Remember I said I was taking pills? Well I never stopped. I managed to call a friend to come over and then I drove to the hospital. Big mistake. I have to appear in court fir driving under the influence of drugs. Apparently I even drove through the mechanical arm by the gate. I suck
I talked to my therapist a bit but it didn't go well. John is upset. He hasn't even looked at me. I kind of feel like giving up. Maybe I will set a date and see how things go by then. No one cares anyway.
I'm so sorry you're still having a hard. You do not suck I promise. I'm glad you called someone and went to the hospital. I know it sucks big time that you now have to go to court...but it is more important that you actually got there and got help. Do not set a date. If anything else, I care, and I am extremely glad you're still here. Please don't do anything. I know how you feel, I really do. Please PM me if you need anything. Type out everything you're feeling, type every possible reason you can think of to stay here. <3
I'm glad that you got hospital treatment - your post was very concerning and you didn't sound in a safe head space at all, and also the damage you were doing to yourself physically. Well done for calling your friend, it was a great decision.
I'm sorry that at the time, you weren't able to consider other options to get to hospital. It must have been a very distressing time and whilst it's understandable that you were stopped and now have to go to court, I hope they will be understanding and treat you as well as possible. Bless you.
Is John your partner? I often find that when people attempt to kill themselves, myself included, close family and friends can get very upset and stressed naturally but it often manifests as anger once they know the person is safe. Sort of like, "You were going to leave me, how could you?" etc. Do you feel it would be helpful to talk to John at the moment? If he isn't ready, then don't push the issue. I promise in time that it will get easier for you both with this situation.

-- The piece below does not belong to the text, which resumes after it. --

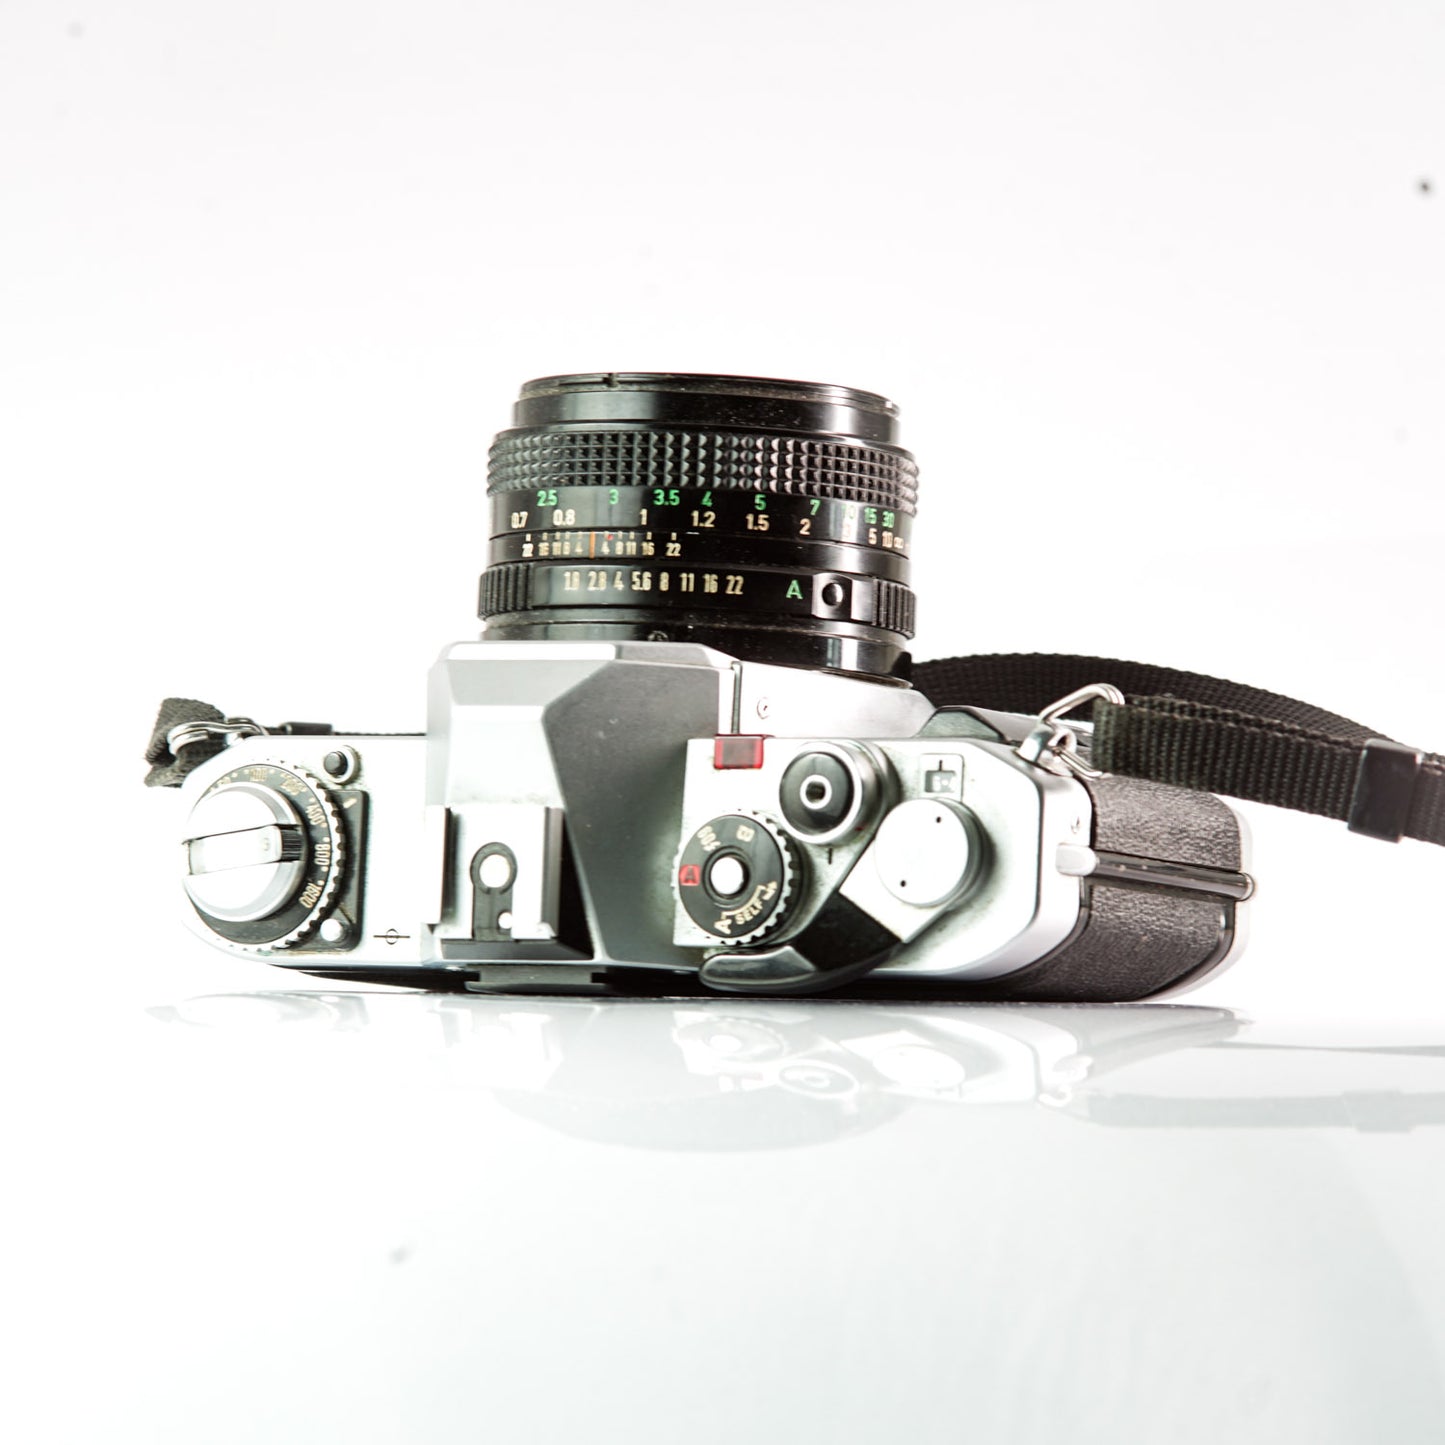 Canon AV1 50 mm f/1,8

I'm also sorry to hear things didn't go well with your therapy session. At the time, maybe everything was just too overwhelming and experiencing so many emotions which does make therapy very difficult.
Don't give up. People do care. I only have to look at the responses from your thread on here to know that people care and we are an online community. I obviously don't know a lot about your personal life but I am sure there are many that do care for you and that it is the depression twisting things.
xxx
Mum24, I hear that you are really struggling right now and that things are tough. Sometimes, when I am of a similar mindset to yourself, I become of the opinion that if killing myself is an option, why not reach out for help first? If it does fail, it's always a fallback. Now, I am not advocating suicide and I do not want you to kill yourself, even if it is your choice, but please try to get some help first. Did hospital arrange any aftercare or give you any crisis numbers? Please tell someone how you're feeling.
That's what you think but it is not necessarily true. It's hard and incredibly isolating when you're feeling like this. It can be such a strong and overwhelming belief to think that people will be better off without you but then, John was upset when you OD'd the other day... that shows, to me, that he would be far more hurt and upset if you killed yourself. He doesn't want to see you hurting like this and nor do your children. They love and care about you a great deal, even if you cannot see it.
Why do you want to die? Is it that you actually want to die or that you don't want to live anymore?
I don't know why I want to die, failure, stupidity, depression.
I can't go to a&e because I have to seer psychiatrist with my husband at 1. After that I will craft my plan.